Something about cooler spectrum in the direct moonlight and warmer in the shadows but the blue moon is rare not to be confused with harvest moon and creates certain nano particles through light.
So I started doing research after breaking down color spectrums into geometric shapes found you can create ground currents to by burying certain stones in soil.
But I was looking at adding those spinning window Crystal’s In the grow tent light refraction the indigo purple the fall puts off mostly in rain helps with purpling in plants.
Anyway electromagnetic invisible light photons remember the black lights in grow room back in 90s.
Anyway long story short the spectrum in last weeks of flower naturally is metal halide mixed with red range is more natural to the sun.

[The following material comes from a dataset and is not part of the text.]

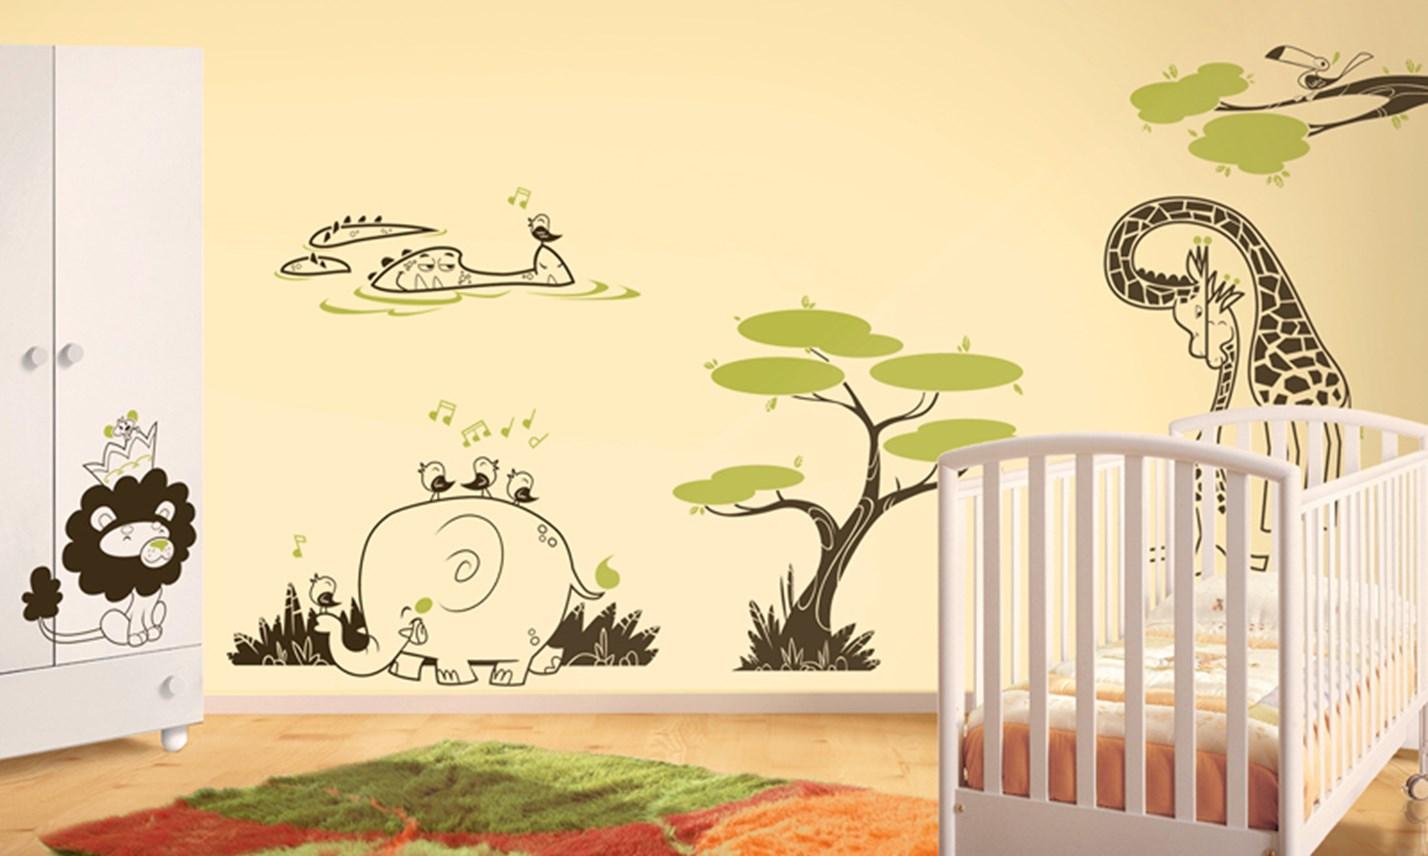 Stickers murali bambini cameretta avventura nella savana leostickers - Adesivi murali per camerette ...

And short story long after LEDs we will probably electromagnetic plasma lights once we can stabilize the gases.
Uhhhh…what? Ground currents, sacred geometry, nano-particles, blue sage, moonlight, raindrops making plants purple…pseudoscientific hogwash. Dude probably was off his meds.
We already have plasma lighting.
Definitely
He had a grow room full of black lights
The part that made sense to me was metal halide with Hps in flower.
The plasma will be diffrent apparently amplified and be able to increase light growth speeds. Way beyond my understanding I just follow the normal setups.
Check out a led light called flux scale by grow flux. You should be able to replicate the exact spectrum of the sun and adjust it to match the seasons. Though you would have to get additional ir uva and uvb to be a completely wide band sun light replication.